## Data shown

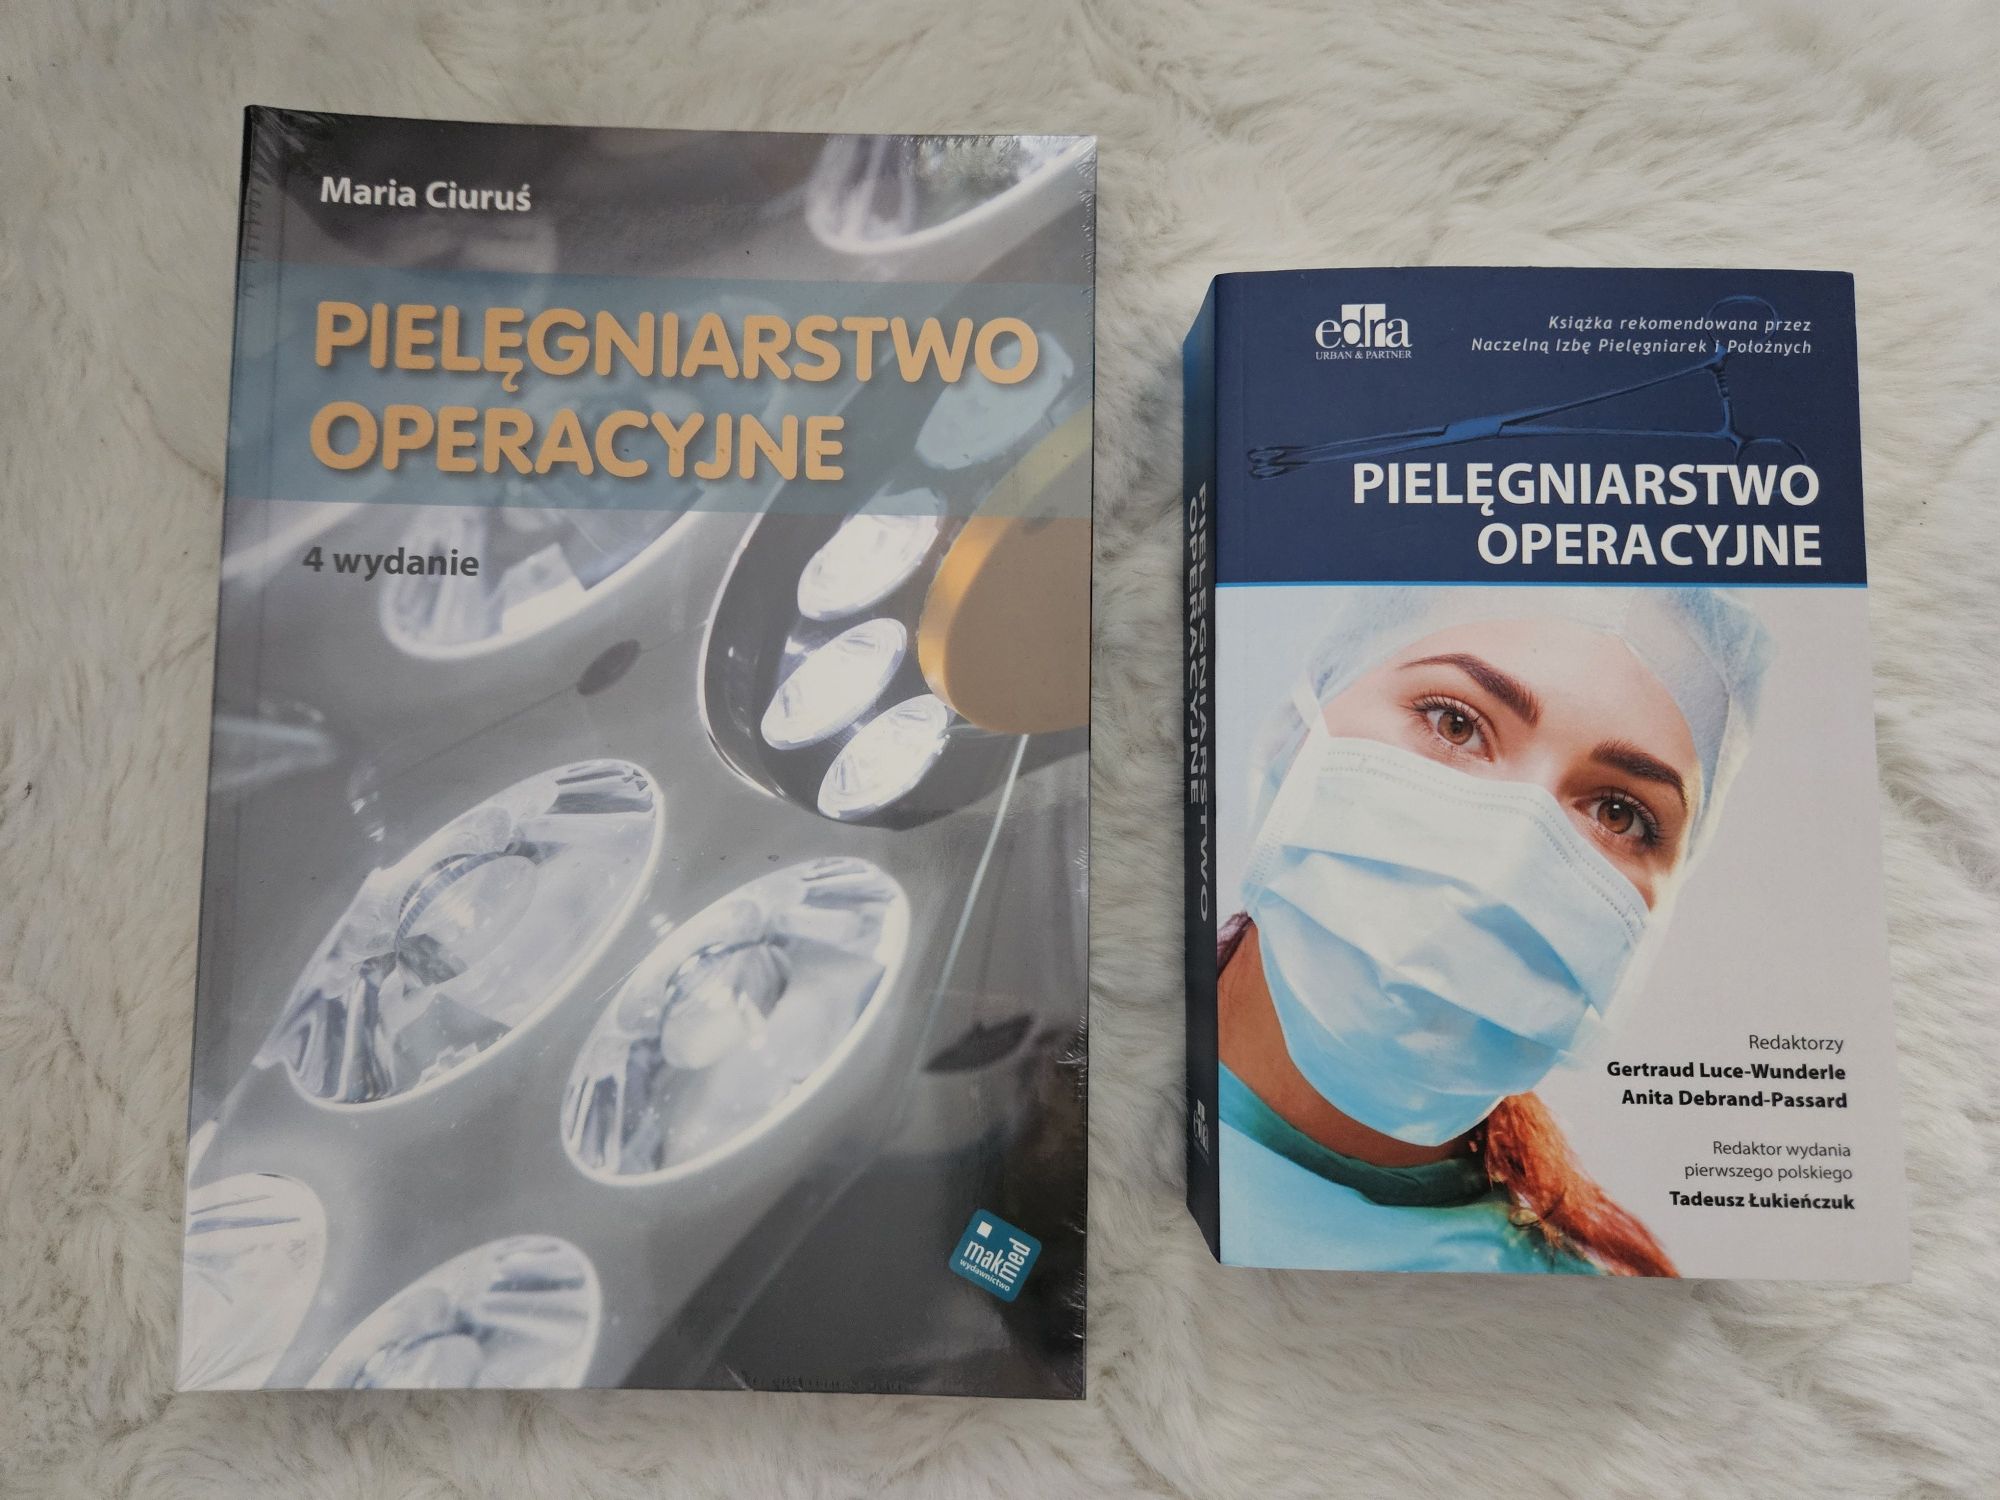 Pielęgniarstwo operacyjne zestaw komplet 2 książkii
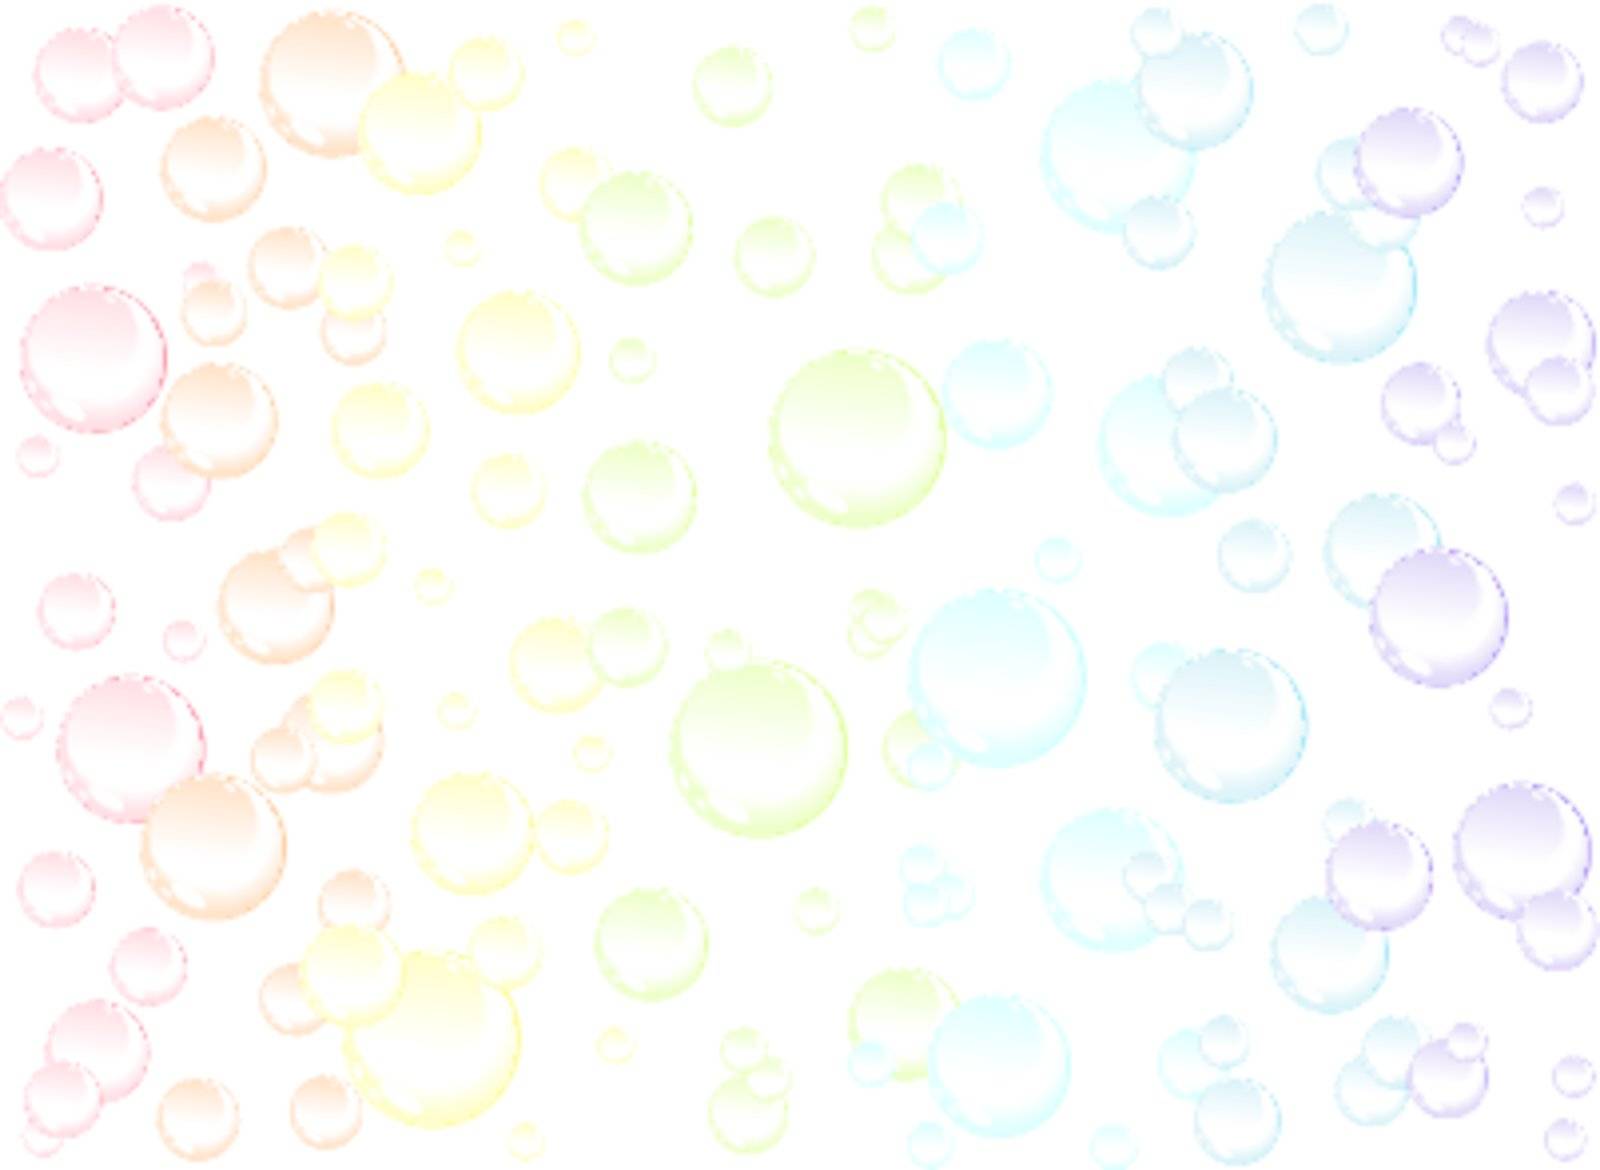 bubbles background by svtrotof
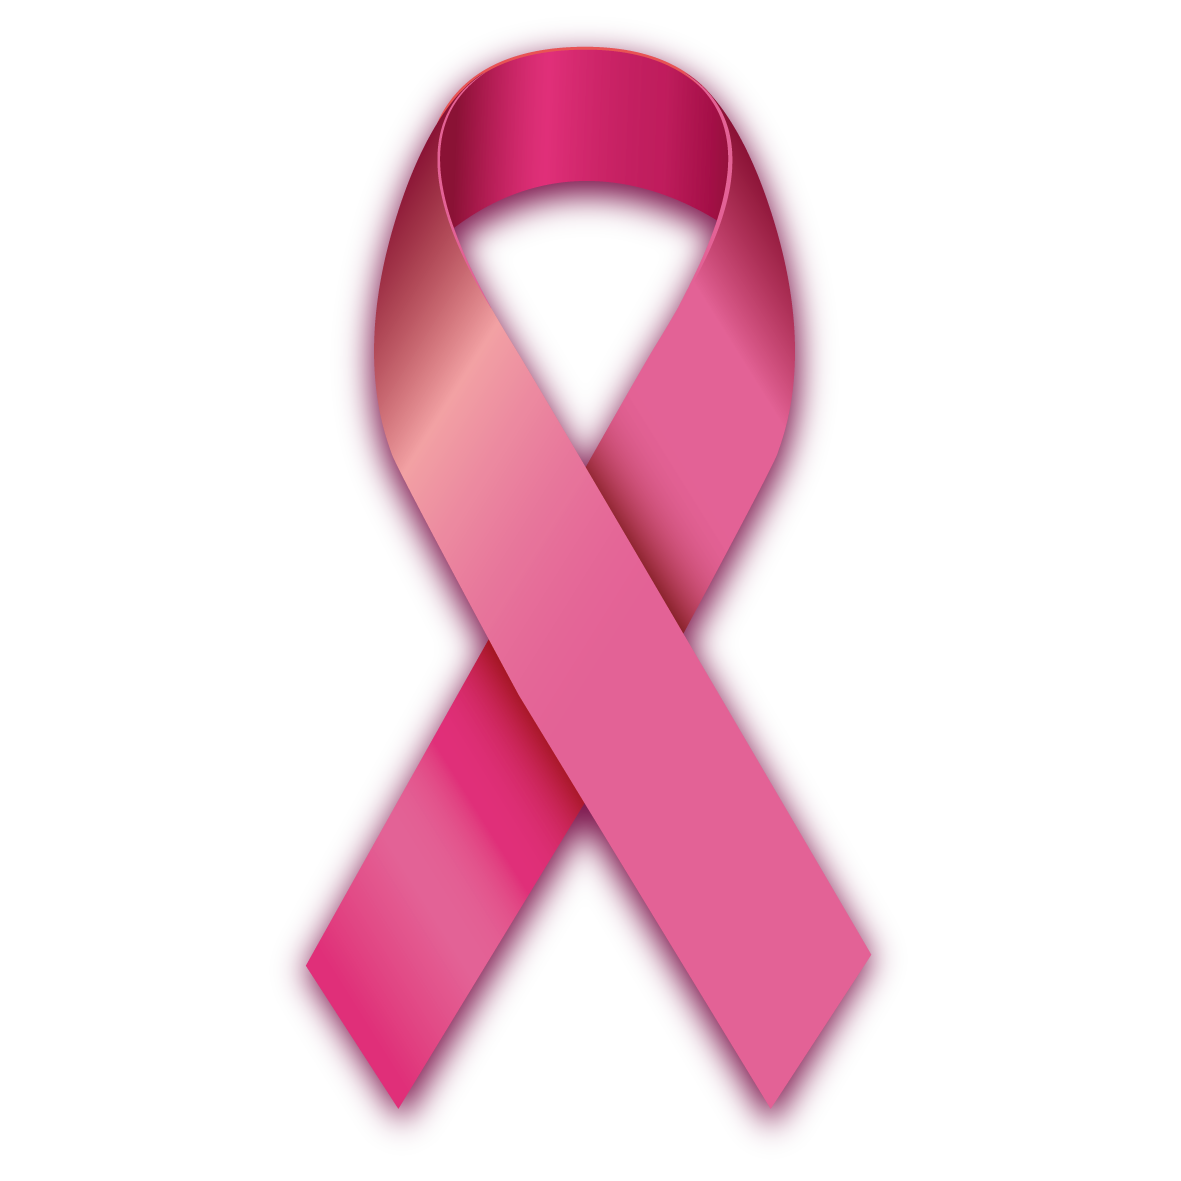 CCJC aprova mamografia adaptada para mulheres com deficiência
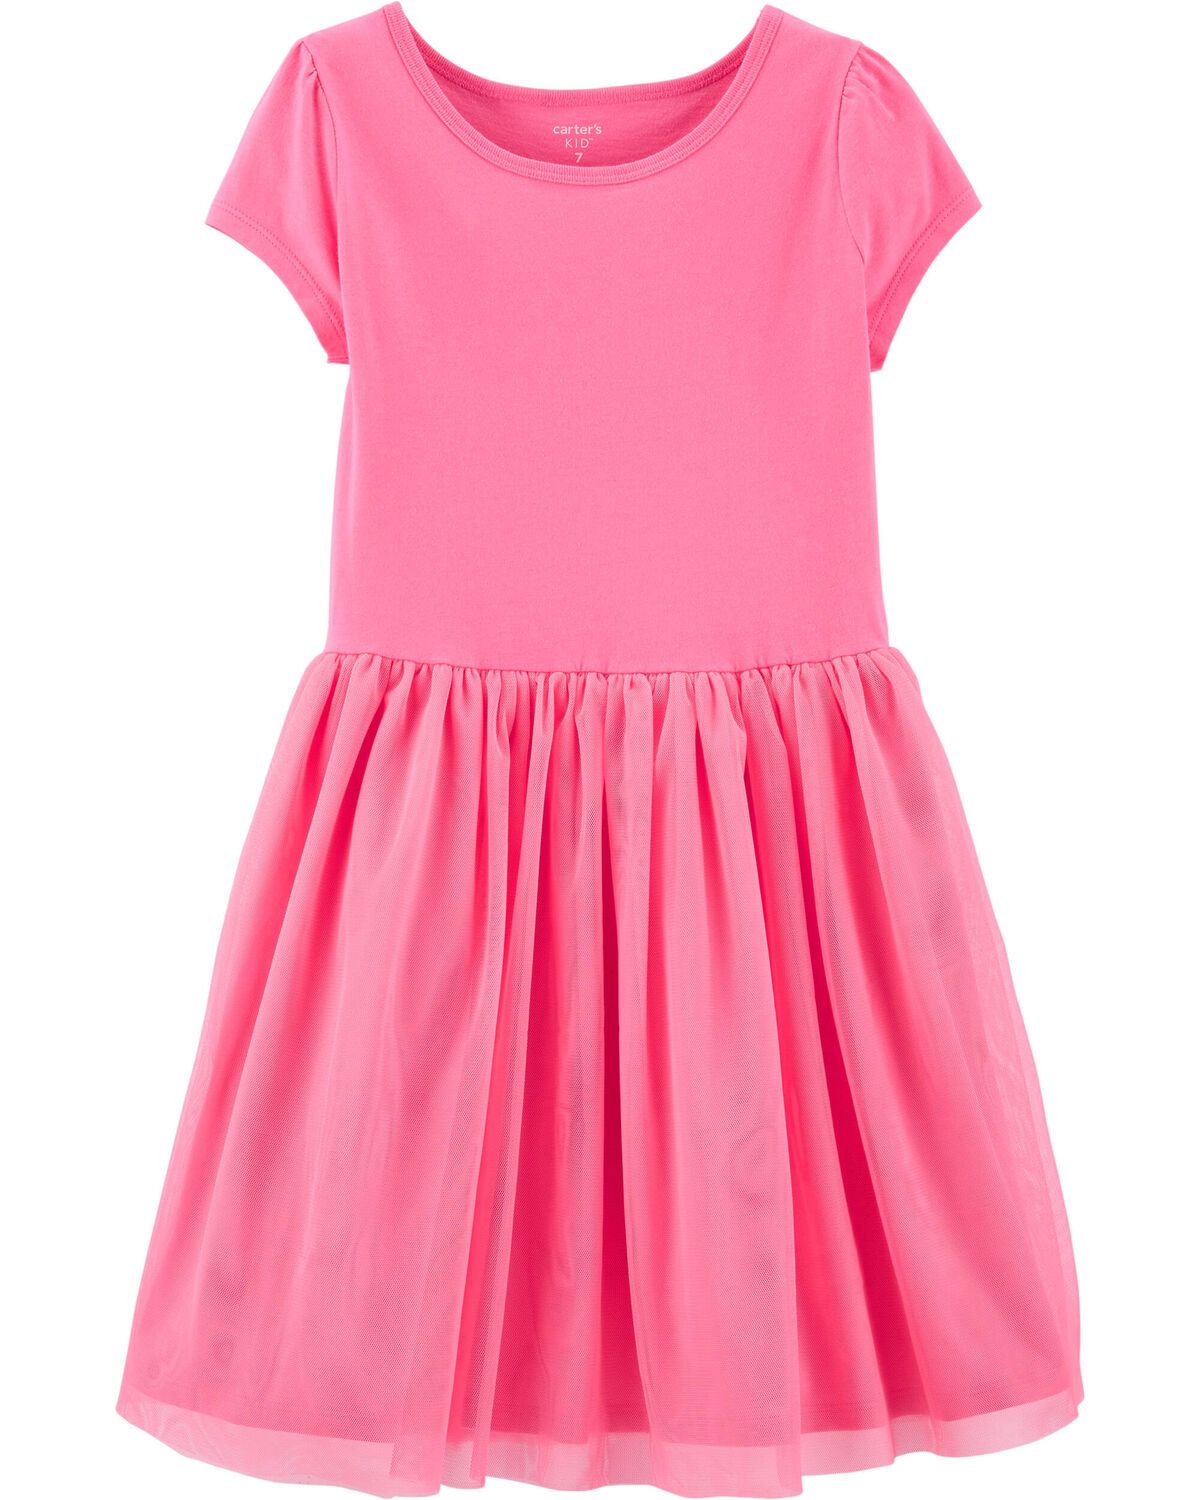 Pink Kid Tutu Jersey Dress | carters.com | Carter's

## Your task
Once the images are removed, print the remaining data exactly as it appears above.

## Answer below
 Pielęgniarstwo operacyjne zestaw komplet 2 książkii
 bubbles background by svtrotof
 CCJC aprova mamografia adaptada para mulheres com deficiência
 Pink Kid Tutu Jersey Dress | carters.com | Carter's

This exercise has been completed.